Play

Posted By Terry

Play is a perpetual motion machine that generates and uses energy simultaneously and about equally, at least until we get to what Emily Dickinson calls “The manner of the children, who weary of the day, / Themselves the noisy playthings they cannot put away.”

Gardner recently ended a post with this comment and it has been knocking around in my head. People who know me have often heard my rant that goes something like this: kids start out as expert learners, learning through their playing, and then we send them to school and kill of their desire to learn by making play into work. What divides play from work? I think it has something to do with external reward, and the results can be differentiated as Gardner suggests–by graphing the flow of energy. Work uses energy and results in the external reward of money. Play is different; it both uses and generates energy.

One of my goals in teaching is to get my students to play. For our students, that is a tough sell. They have been really successful in our system by being good workers, understanding that if they do as they are told they will be paid with a high grade. This grade is a currency because it is the necessary payment to move to the next level of education and the work world. So they are smart enough to doubt anyone who tries to say “grades don’t matter; it is about the learning and not the grade.” Ultimately that is a lie because we still give them a grade at the end of our time together.

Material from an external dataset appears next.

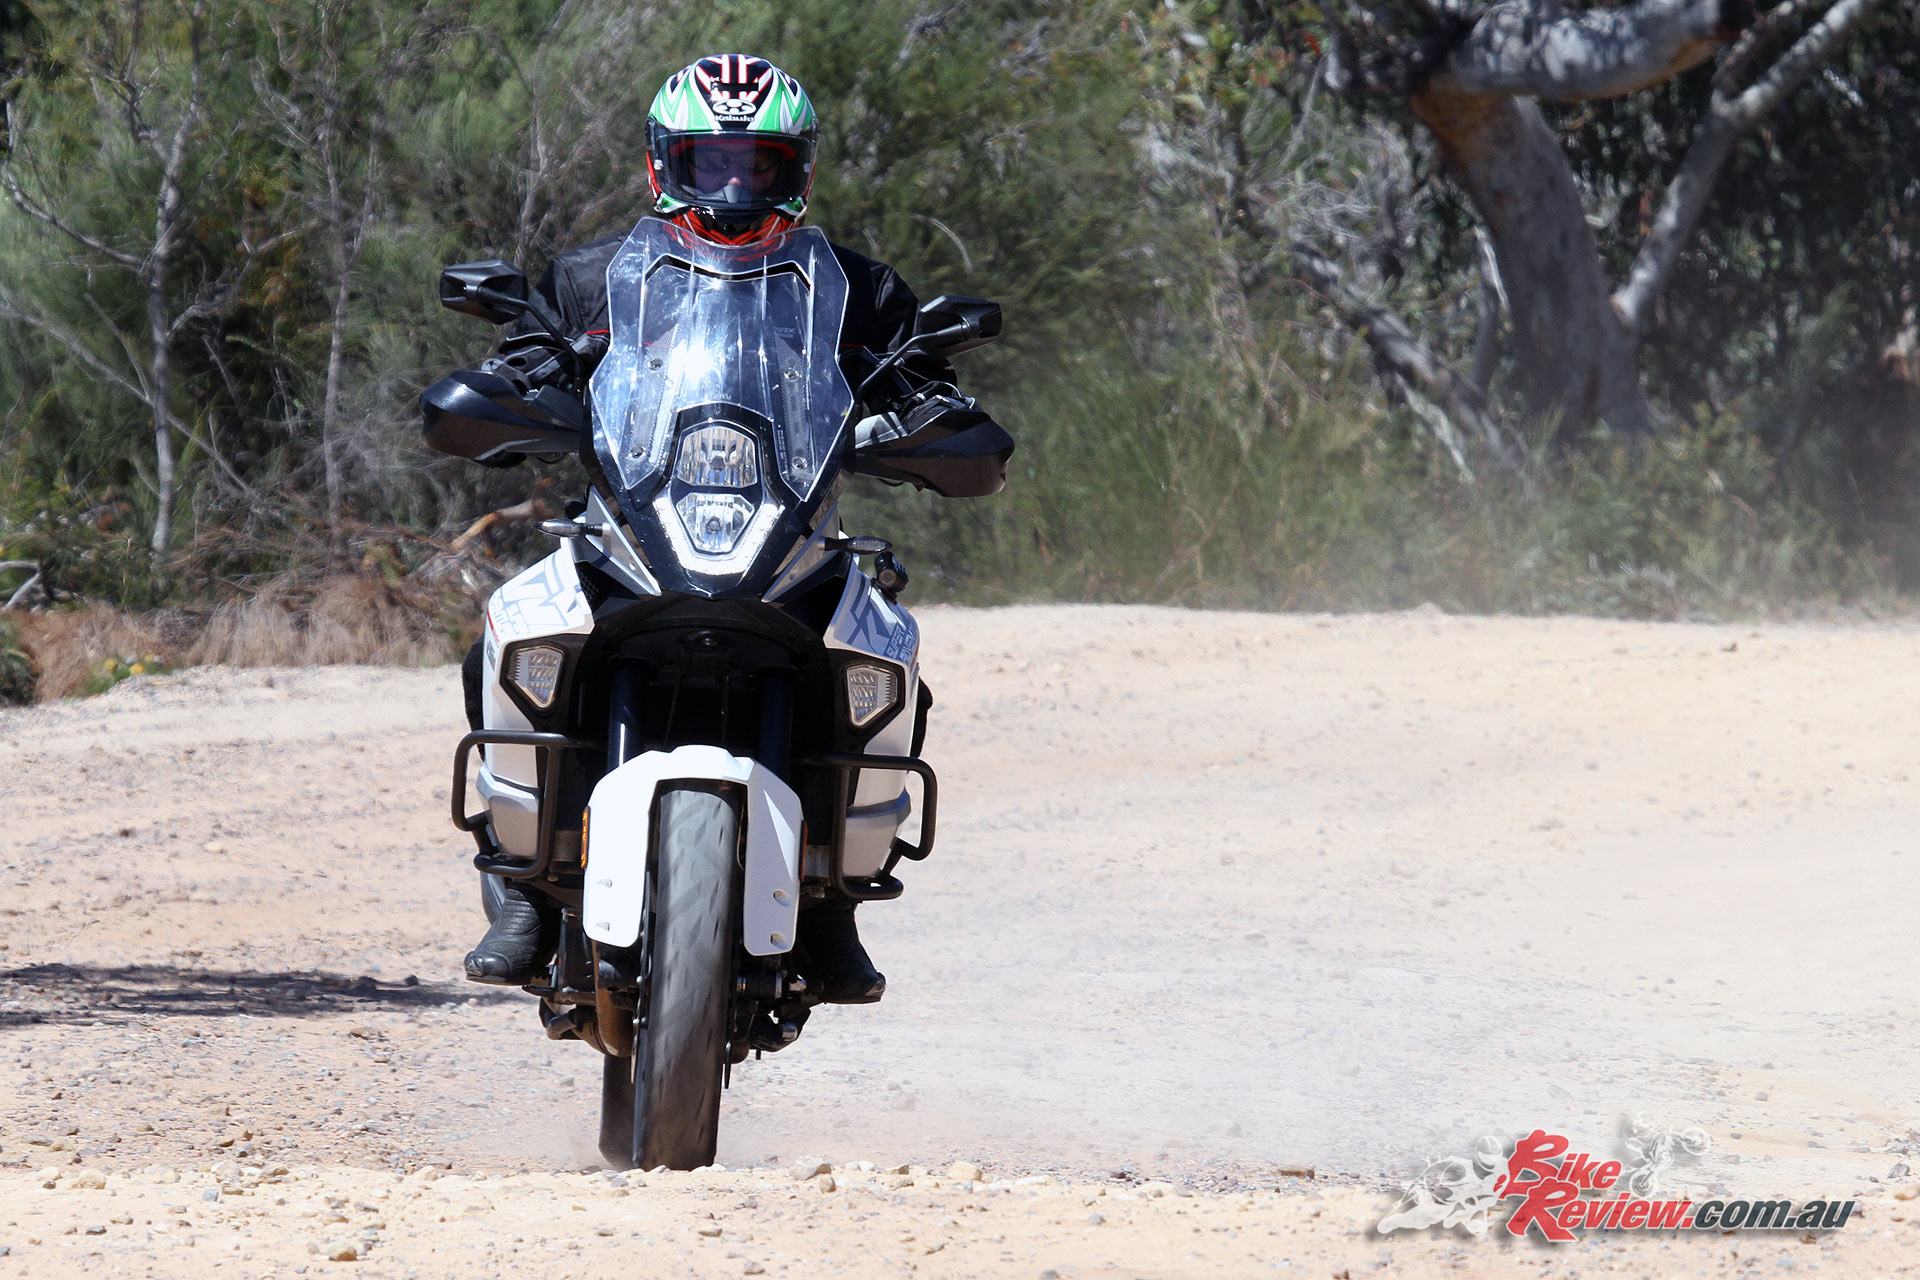 Review 2016 Ktm 1290 Super Adventure Bike Review

I am well aware of the importance of assessment and feedback (some here have referred to me as the person in charge of assessment for our ipod program, though I like to think I am coordinating the assessment attempts of many…) Research shows that the closer the feedback is to the attempt, the better the learning, (which can be challenging for us writing teachers who need lots of time to generate thoughtful feedback). My time listening to student feeback in the form of voice memos has had a profound effect on me. One of the things I am realizing is this: students are not very good evaluators of their own learning. I find myself laughing at the students who say “I didn’t really learn anything from doing the Creature Feature Podcast or listening to other students’ podcasts because it wasn’t on the test.” Then the same student, when answering the next question (how did your feelings about your creature change?) will speak in detail about the organism he studied, including its scientific name, habitat, etc. I have been trying to figure out why they don’t recognize their own learning. Could part of the answer be that we never let them recognize it? We tell them that WE will let them know what they have learned in the form of a test with a grade attached reflecting how many questions were answered correctly. The Creature Feature Podcast challenged students to both master new technology and to get creative and have some fun when presenting the information. Some of the promise I see in educational technology is that it has the power to pull students back into the world of play and personal investment and creativity. But I think we in higher ed have to be realistic about the system our students were trained in. We may have to spend some time teaching the students the value of play and what real learning is, and give them both the time and space to experience these things. I find lots to be hopeful about for the next generation when I see work such as that of Project NML which I learned about in Christopher Sessum’s blog . Why? Because their conception of how to help devlop children’s “technical literacy” involves the many complexities of play, collaboration, synthesis, etc. It is a much more rich conception than that exhibited in the comments posted on a recent article in “Inside Higher Ed.”  IT seems critically important to me that we grab the potential of new technologies to transform education, and not shove these new activities into old paradigms.